COURSES. Use roman type, capitalized, within quotation marks, for course titles: “Introduction to Astrophysics.”

GENDER NEUTRALITY. Use chair, not “chairman” or “chairwoman” or “chairperson,” unless part of a formal title: He chaired the committee. Lois Weeth was chair of the UC Davis Foundation board of trustees. See the trustee entry.

WORKS. See composition titles entry.

town names. See the city, town names entry.

trademarks. When possible, use generic equivalents, but if a trademark is used for emphasis or effect, capitalize it. Observe the capitalization schemes of individual trademarks or service marks, but be aware that ordinarily capitalization of only the first letter of a brand name is necessary; do, however, capitalize all letters composing acronyms: BASS/Ticketmaster, for example, stands for Bay Area Seating Service.

Trademarks are proper names that identify the products of a business; service marks perform the same function for services. Trademark names should be accompanied by generic terms to fully describe the product: Kleenex tissues. A trademark should not be used as a verb. (Don’t say I Xeroxed this; instead say I photocopied this or I made photocopies of this.) Do not pluralize trademarks. (Instead of saying He used three Kleenexes to blow his nose, say He used three Kleenex tissues.) However, some trademarks are registered in the plural and should always be used that way even if the common noun following them is singular (a Baggies plastic bag).
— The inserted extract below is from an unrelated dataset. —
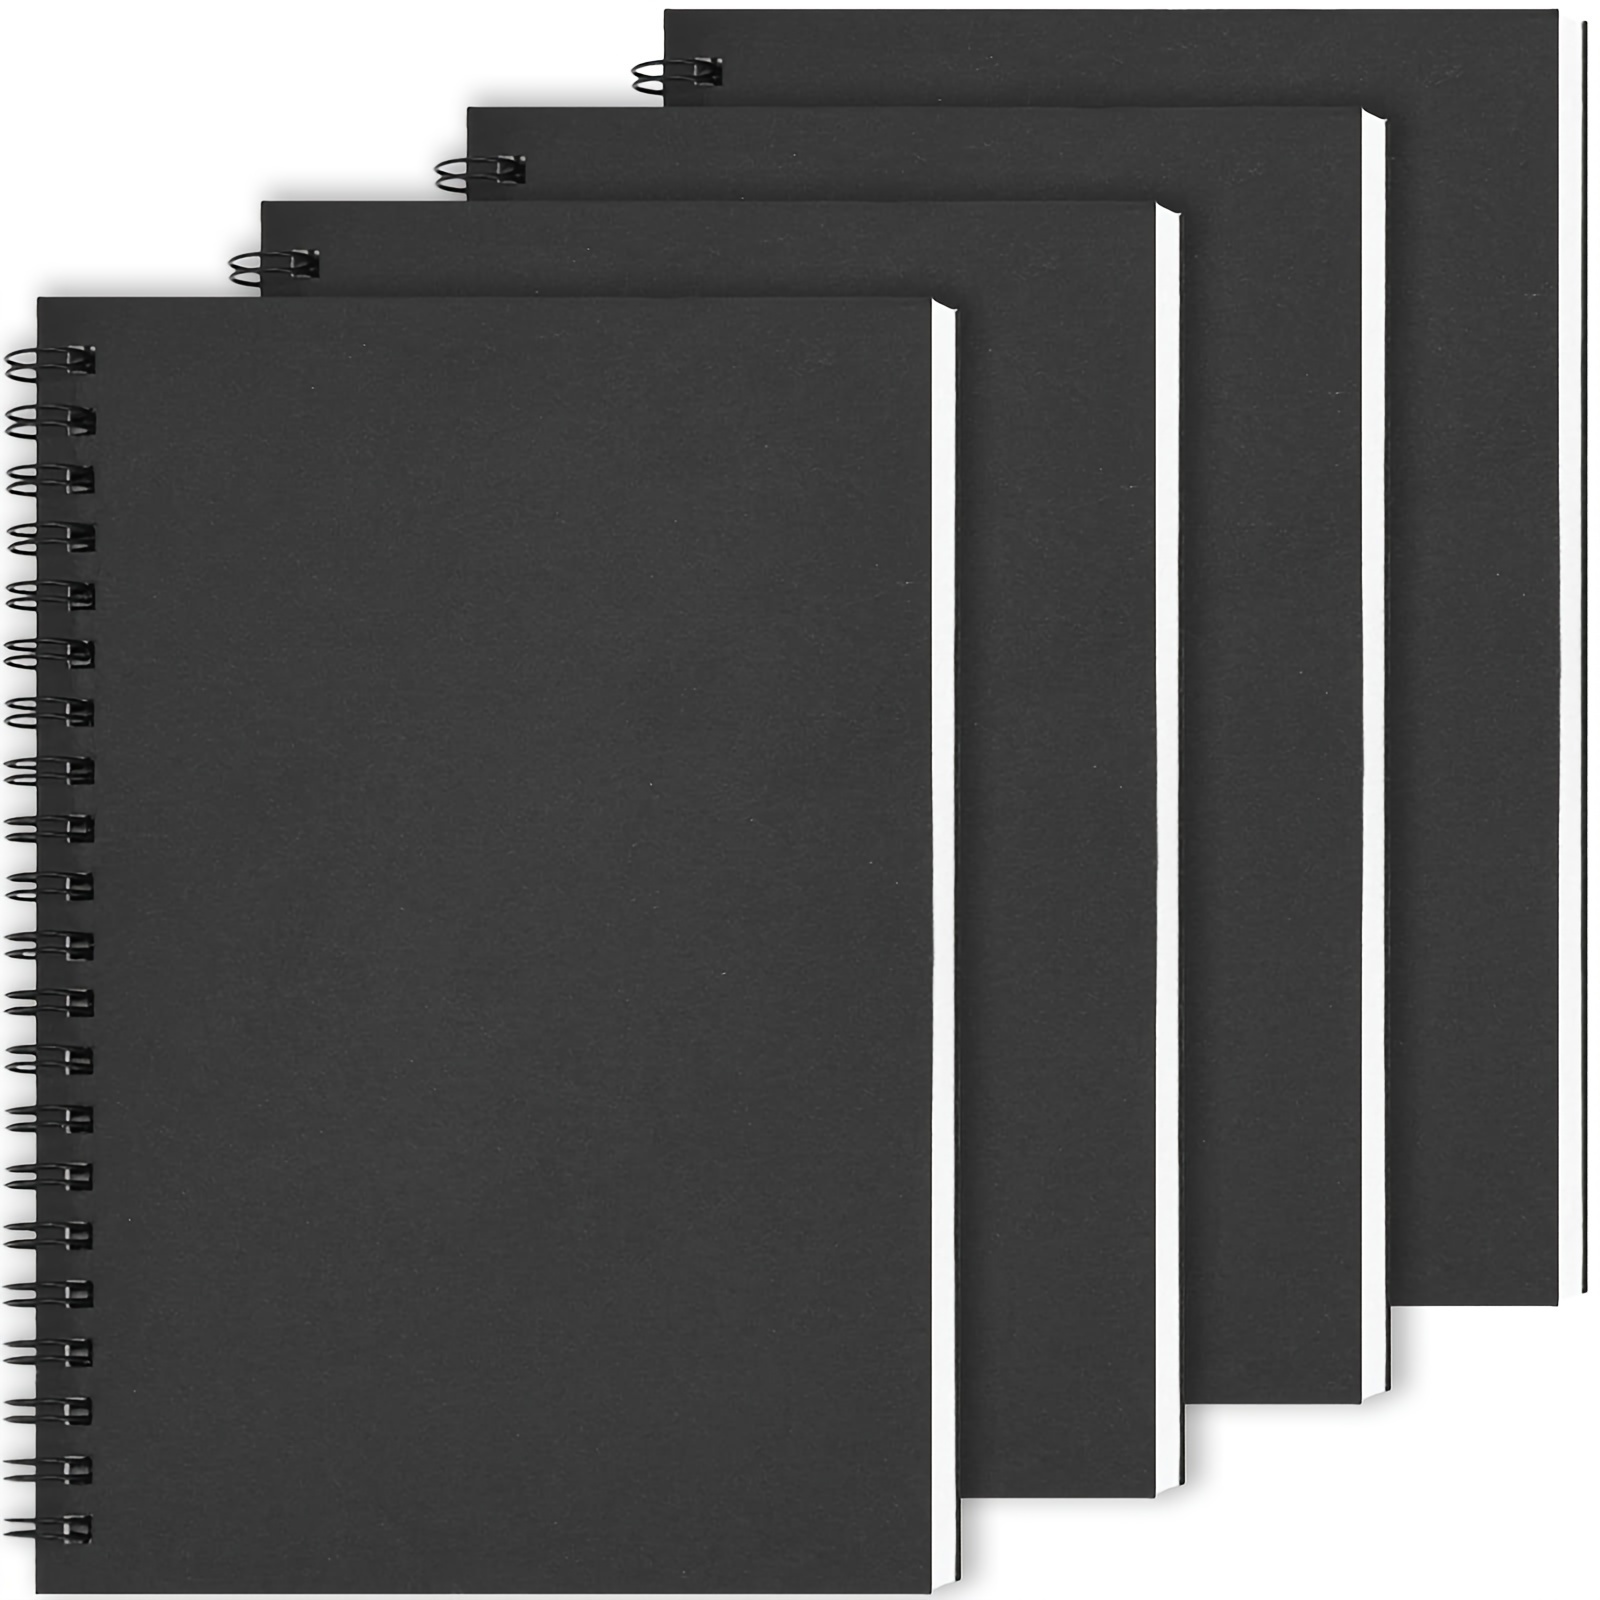 Spiral Sketch Book Large Notebook Kraft Cover Blank Sketch Pad Wirebound Sketching for Drawing Painting 8.5x11-inch (2 Pack) 200 Sheets, 100 Sheets, 2

Symbols signifying a trademark (™), copyright (©) or a registration with the U.S. Patent Office (®) are primarily for the use of the owner to indicate rights; use of the symbols is not required in journalistic publications. (One exception: © is used with reproductions of photos of the Eggheads.)

Former trademarks that became generic terms through abuse include trampoline, raisin bran, linoleum, lanolin, yo-yo, escalator and nylon. For additional information, see the International Trademark Association website.

trustee. Treat this as a formal title when appropriate and capitalize in such cases if used before a name: Trustee Les Harvey; but Les Harvey, trustee of the UC Davis Foundation.

TTD, TTY. TTD and TTY are not interchangeable acronyms for telecommunication devices for the deaf. TTD stands for teletype device (and is the most current technology), and TTY stands for telephone teletype (an older technology).